TORONTO, March 26, 2020 – OCUFA is pleased to see that the Ford government’s spring economic statement includes much needed investment in the province’s health care system and OSAP loan interest relief for students, but is disappointed there are only marginal increases to postsecondary education funding. Faculty, academic librarians, and other academic professionals represented by OCUFA are concerned that this government’s efforts continue to fall short, as it fails to address the realities faced by many suffering the impacts of the COVID-19 pandemic, including contract faculty and other precariously-employed workers and students.
While faculty are reassured to see that postsecondary education funding has not been cut, the Ford government’s reckless new “performance” based funding framework still threatens the stability of the province’s universities and colleges as well as the quality of education they provide. What Ontarians need now is stability and predictability at Ontario’s universities – it is not the time for policy experiments that have failed elsewhere. Faculty are also pleased that the government has listened to postsecondary students and provided them with six months of OSAP loan and interest accrual relief.
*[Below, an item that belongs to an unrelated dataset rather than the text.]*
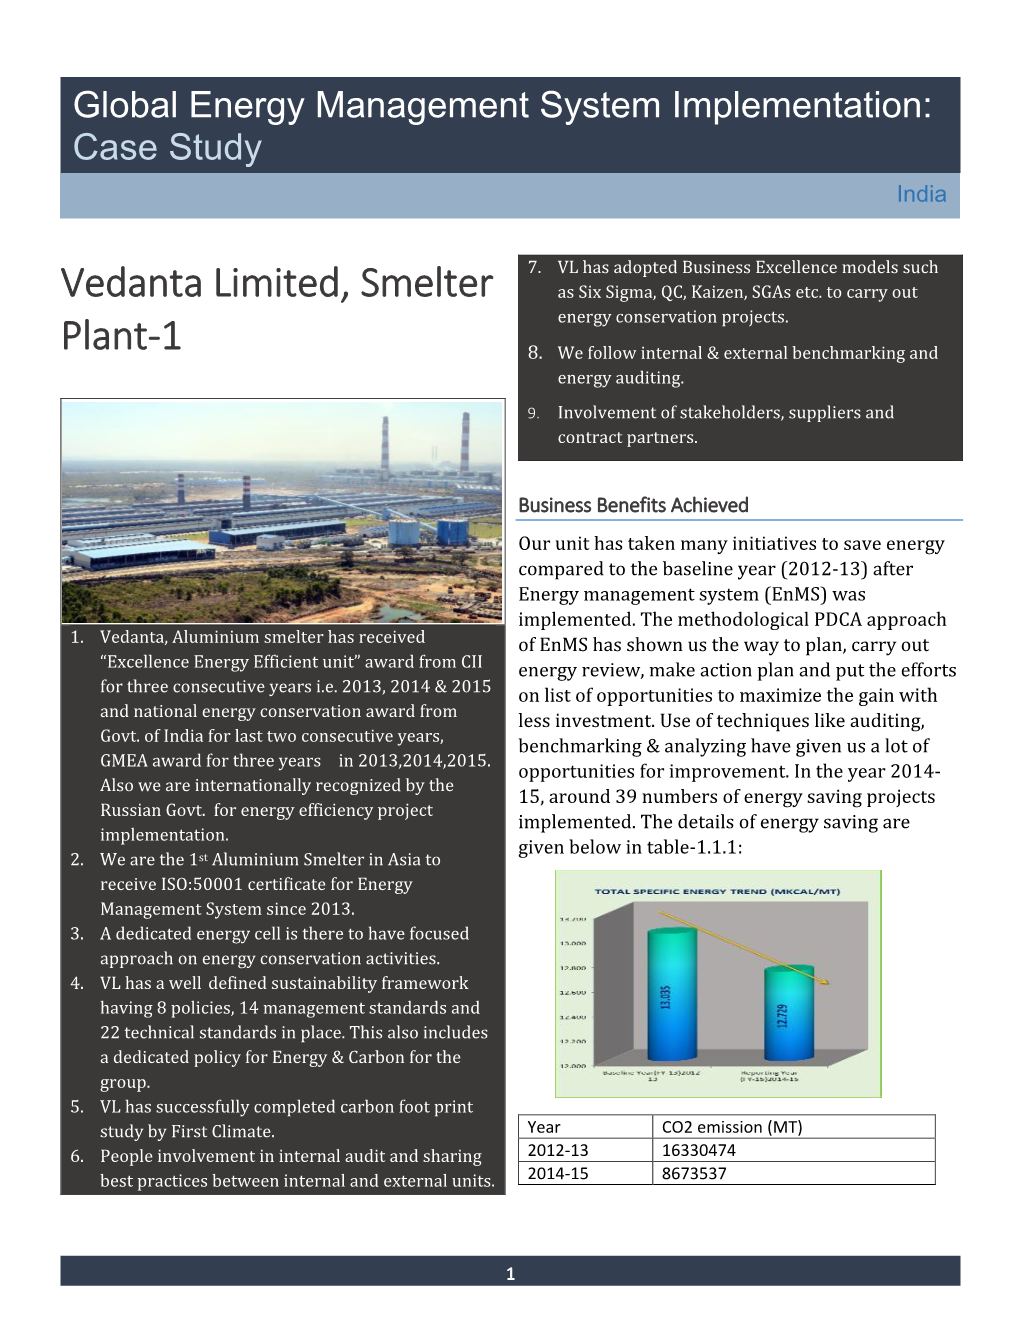 Vedanta Limited, Smelter Plant-1

However, the Ford government continues to fail the thousands of Ontarians in precarious and low-wage jobs, including contract faculty. Yesterday’s announcement, while a historic and much needed public investment, skewed heavily towards supporting businesses without addressing the realities of those in precarious work. Public health and education should not be compromised for private profit. The introduction of unpaid emergency leave for workers and a small one-time payment for families with children does not address the serious economic and health-related struggles that Ontario’s most vulnerable workers are currently facing.
For the majority of precarious workers in Ontario – many of whom live paycheque to paycheque – unpaid leave, even when their job is protected, will still cause deep financial distress. And for many of the province’s contract faculty, a lack of job security and benefits means they find themselves facing increased economic and health instability during this pandemic.
To protect Ontarians unable to work due to illness or who need to support ailing loved ones, the province should immediately introduce legislation to protect all workers with 7 paid sick days each year, and an additional 14 paid sick days during public health crises such as this one. The government should also immediately provide $573 a week for workers who need to self isolate or are mandated out of work by the recent closure of all non-essential services in the province.
The federal government has stated that, “No Canadian should have to choose between protecting their health, putting food on the table, paying for their medication or caring for a family member.” Yet, that is exactly the choice many Ontarians will be forced to make without adequate paid sick days, job security, income support, and housing security for those with rents and mortgages.
As an increasing number of Ontarians find themselves and their families impacted by the spread of COVID-19, the importance of public services – including health care, pharmacare, child care, public transit, and education – has never been more evident. In this crisis, it has become clear that funding for these services is far too low, and the fees to access some of these supports are too high.
This pandemic has been challenging for all Ontarians, but particularly the most vulnerable in our province. Faculty are pleased with yesterday’s announcement of new investments in public health and research, but that can only be a first step in coping with this crisis and helping Ontarians recover when the pandemic abates.
In the coming months, it is critical that the government increase investments in public services that are vital to the health and well-being of Ontarians. This should be funded through a more sustainable and responsible tax base made possible by eliminating many of the wasteful and regressive tax credits that cost the province more than $44 billion a year and by rebalancing the province’s progressive income tax system to ensure that the rich and corporations pay their fair share.
These are difficult times for Ontario, but OCUFA looks forward to a renewed dialogue with the provincial government about the value of public services and the important role universities play fostering the physical, mental, and economic wellbeing of all Ontarians.
Founded in 1964, OCUFA represents 17,000 faculty, academic librarians, and other academic professionals in 30 faculty associations across Ontario.